We speak of the organism contacting the environment, but it is the contact that is the first and simplest reality.

And from this "simplest and first reality," e.g. from some contacting specified on this setting, we humans INFER organism and environment, or I and it, or I and thou, etc.

 

I can designate this setting by means of a run-on phrase such as "The dealings of one particular organism-as-a-whole-with-her/his-environment-at-a-date"; or I can indicate it with a single term such as transacting or contacting.

 

Stated this another way: As polar opposites, the constructs of organism and environment remain mutually necessary, mutually-constitutive -- we cannot isolate them from one another, for we cannot define either one without the real or implied existence of the other.

 

Moreover, according to our revised theory, any behaving/experiencing sequence resembles a story: It has a beginning, a middle, and an end or outcome.
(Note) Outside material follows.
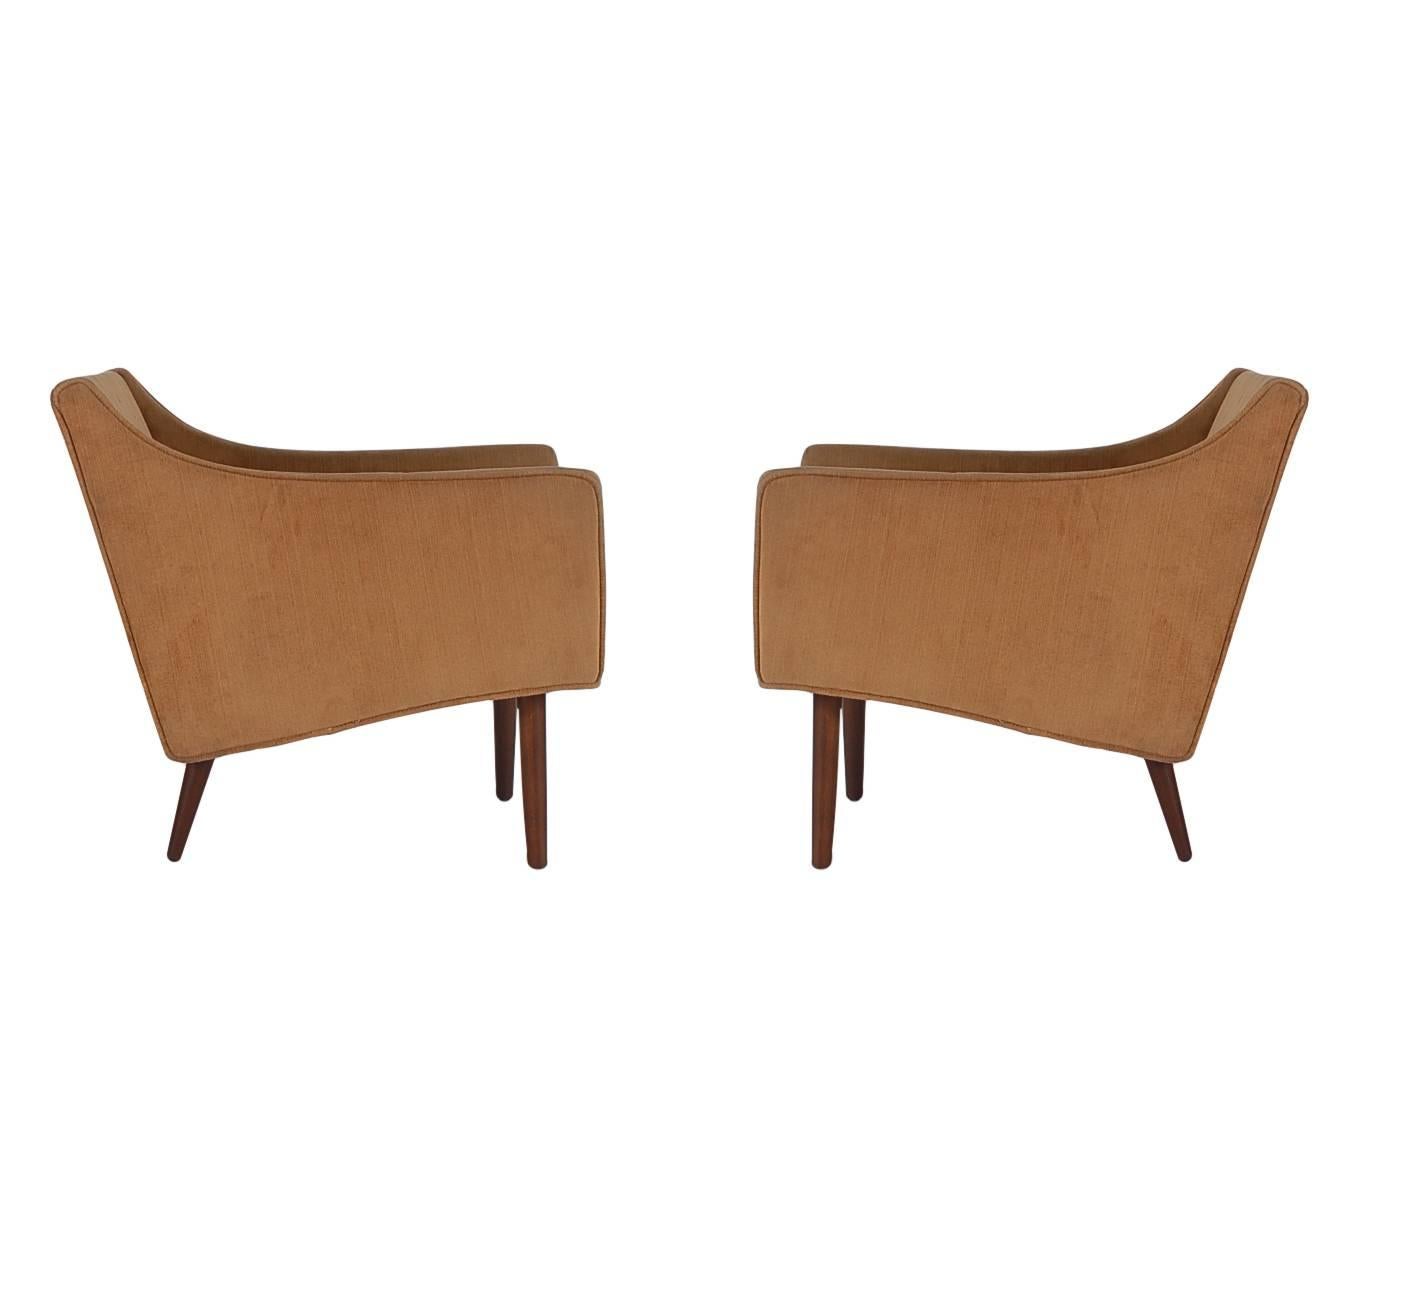 American Mid-Century Modern Lounge Club Chairs after Paul McCobb or Edward Wormley

The beginning consists of some 'disturbance' which affects both organism and environment. The middle, the response to this 'disturbance', consists of "doings" of the organism and "doings" of the environment -- both of which remain relentlessly dynamic. At the end, the "doings" of organism and environment mutually affect each other so as to produce the outcome.

 

Still further, a behaving/experiencing sequence involves an intimate dialogue or "dance" between organism and environment. As observers, we may have trouble seeing, and/or saying, this, but the two constructs have something in common: every phrase in the dialogue, every step in the dance, involves them both, contains a contribution from both.

 

The behaving/experiencing I have chosen to examine, my participating in the Ohio Academy meeting, started a week or so after I became a member of that organization, when I received a copy of the CALL FOR PAPERS. That led me to imagine an outcome, a potentially fulfilling situation -- namely, the possibility that I might successfully present a paper here and receive satisfying feedback (in the form of useful discussion with the audience -- instead of, say, their blank uncomprehending stares).

 

After an encounter or situation has gotten underway, and before it reaches an outcome, both the environment and the organism DO things.

 

1) In this situation, 'what the environment does' includes activities of the distant environment, e.g. those persons who handle the logistics of the meeting -- hiring the hall, enrolling the moderators, scheduling the presentations, providing overhead projectors, and a myriad other such details. Too, it includes the other participants, those who also intend to answer the CALL FOR PAPERS, preparing their own presentations; people coming to the meeting; attending "my" session, etc. By way of activities of the closer environment, it also includes what my collaborators do in working with me, the functioning of the word-processing equipment in my writing studio, etc.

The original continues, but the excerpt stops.